Karl Boeckmann, a friend of mine who proves that a guy can spend his entire life in the car business and retain his soul, sent me the following notions that apparently emerged from the mind of comedian Steven Wright.

  1. Borrow money from pessimists. They don’t expect it back.

  2. 99% of lawyers give the rest a bad name.

  3. 82.7% of all statistics are made up on the spot.

  4. A conscience is what hurts when all your other parts feel so good.

  5. A clear conscience, on the other hand, is usually the sure sign of a bad memory.

  6. All those who believe in psychokinesis raise my hand.

  7. The early bird may get the worm, but the second mouse gets the cheese.

  8. Hard work pays off in the future, laziness pays off now.

  9. If everything seems to be going well, you have obviously overlooked something.

  10. Depression is merely anger without enthusiasm.

  11. When everything is coming your way, you’re in the wrong lane.

  12. I intend to live forever.
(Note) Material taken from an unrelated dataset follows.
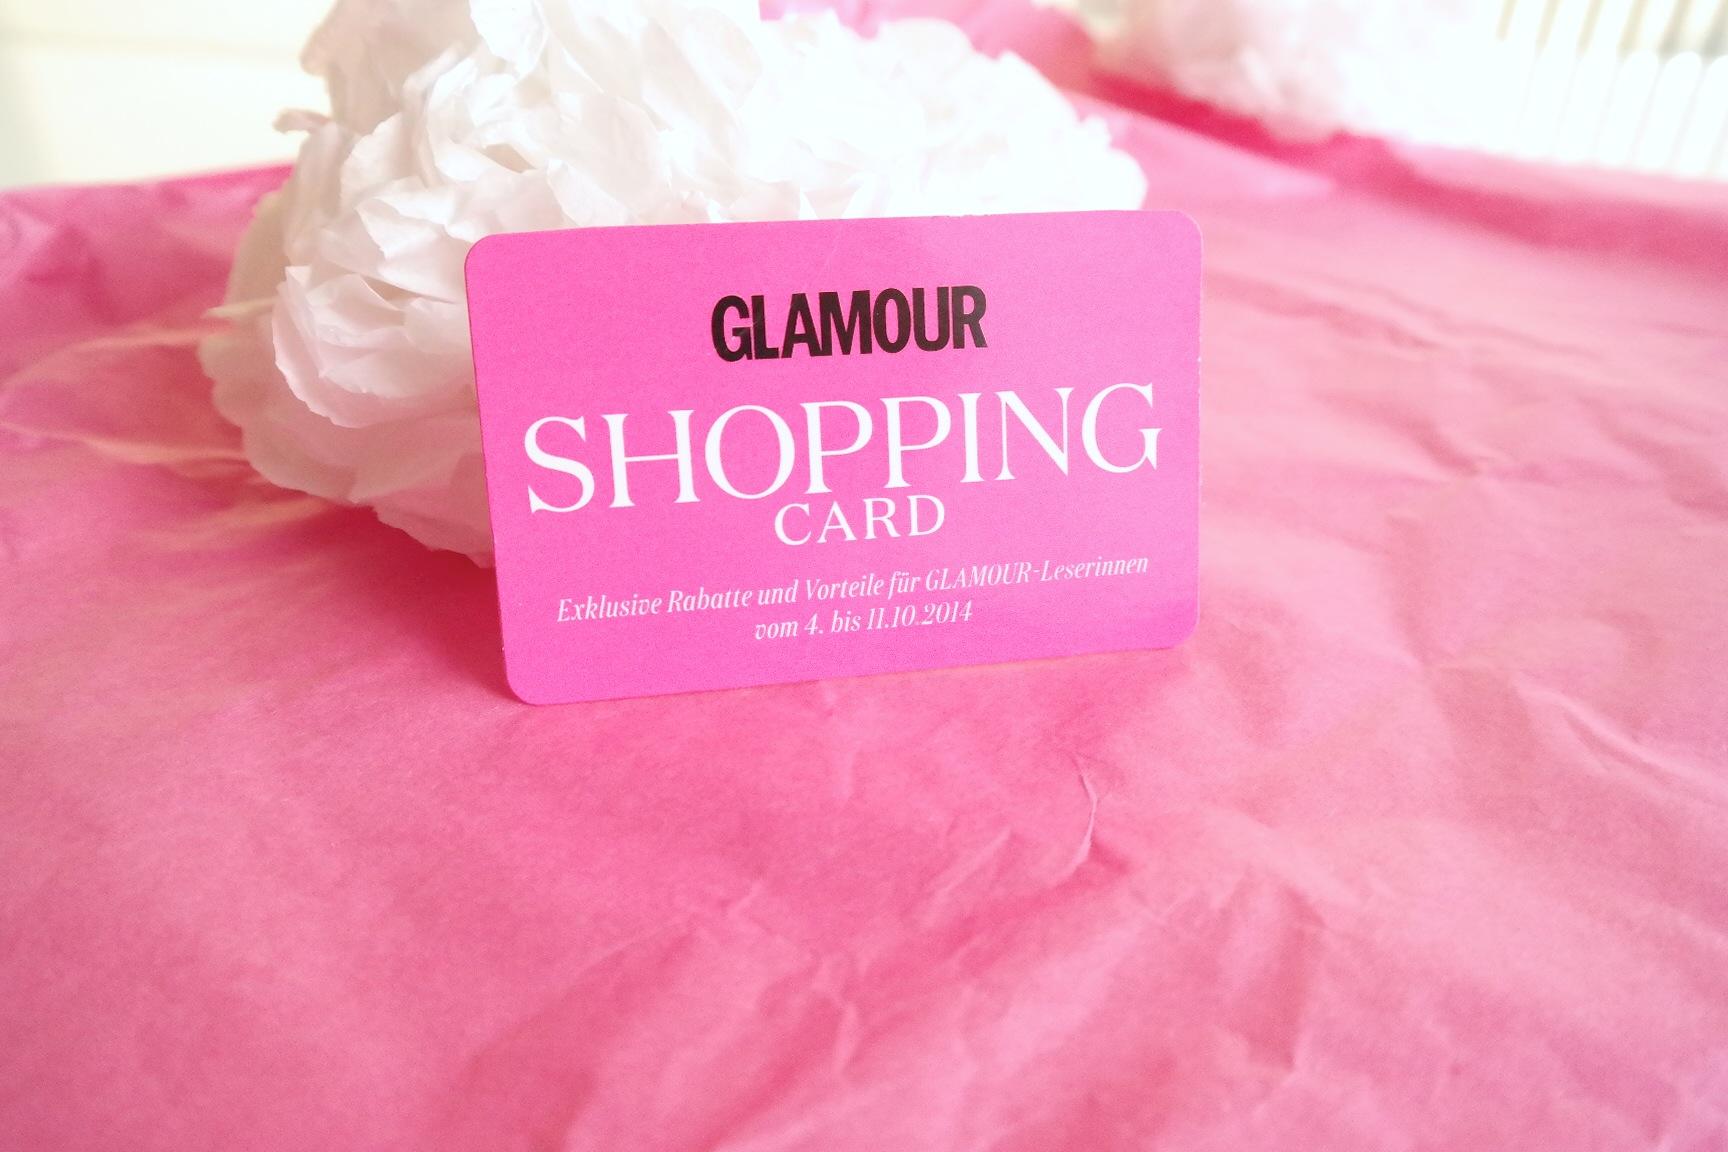 Wir freuen uns auf morgen // Let's go shopping mit der Glamour Shopping Card

So far, so good.

  13. If Barbie is so popular, why do you have to buy her friends?

  14. My mechanic told me “I couldn’t fix your brakes, so I made your horn louder.”
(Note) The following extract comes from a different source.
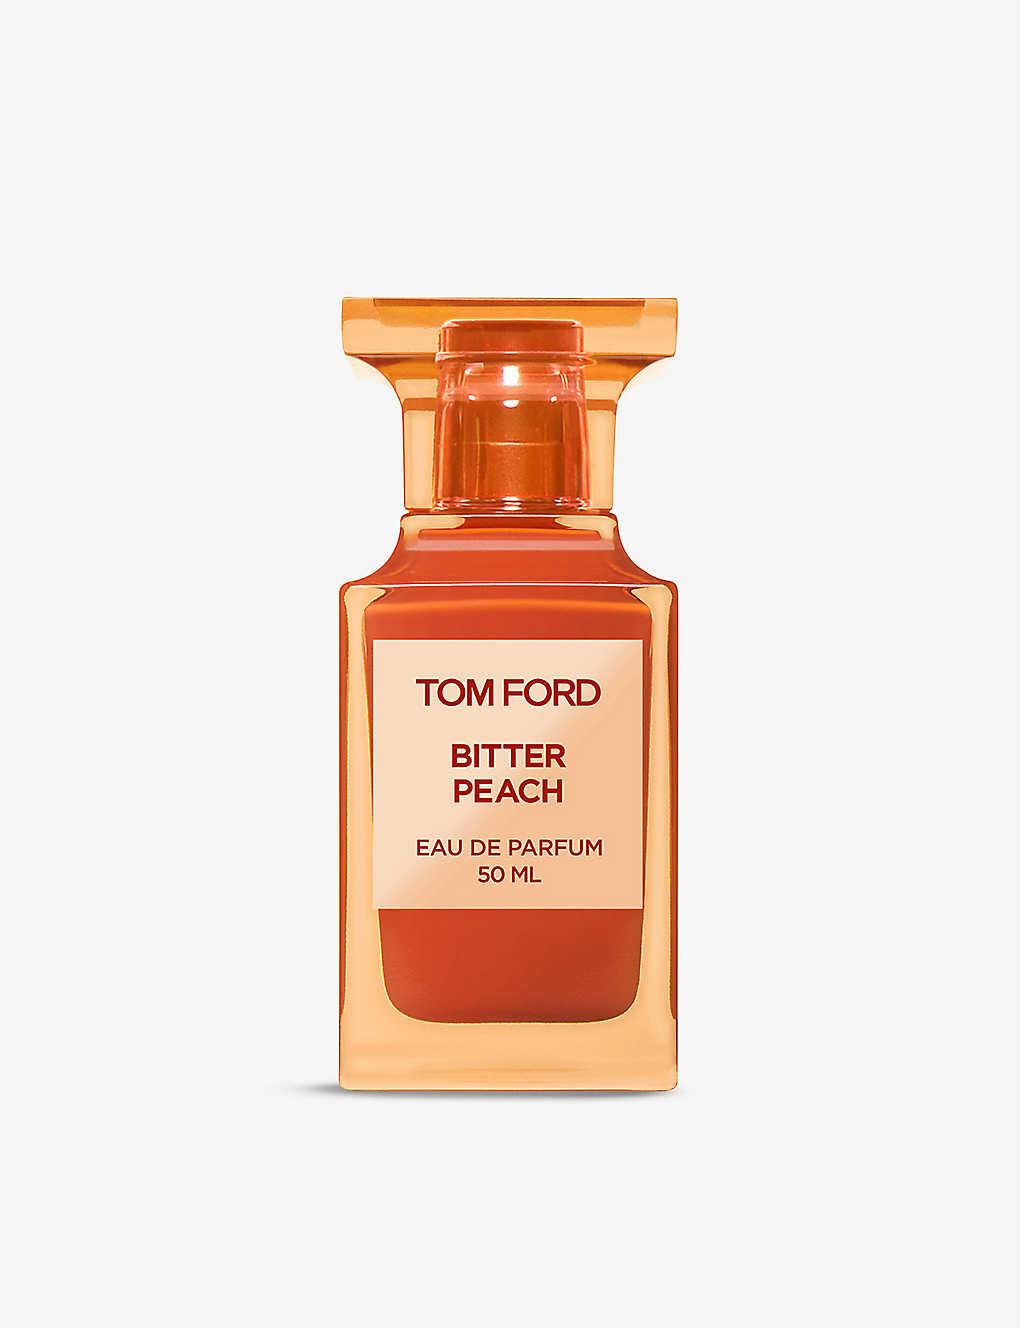 TOM FORD: Bitter Peach eau de parfum 50ml

  15. A conclusion is where you got tired of thinking.

  16. Experience is something you don’t get until just after you need it.

  17. The sooner you fall behind, the more time you’ll have to catch up.

  18. If your car could travel at the speed of light, would your headlights work?


And from Joe Neuner, the pride of Olathe, Kansas, comes the following kneeslapper.

A woman entered a drug store, approached the pharmacist and announced: “I’d like to buy some cyanide.”

“Why in the world do you need cyanide?”

“I need it so I can poison my husband.”

The pharmacist was knocked back on his heels. “Are you insane? I can’t sell you cyanide so you can commit murder. We’d both go to jail. Why don’t you just get a divorce?”

The woman reached into her purse and pulled out a photo of her husband in bed with the pharmacist’s wife.

The pharmacist looked at the photo for a few seconds, then looked up and said, “You didn’t tell me you had a prescription.”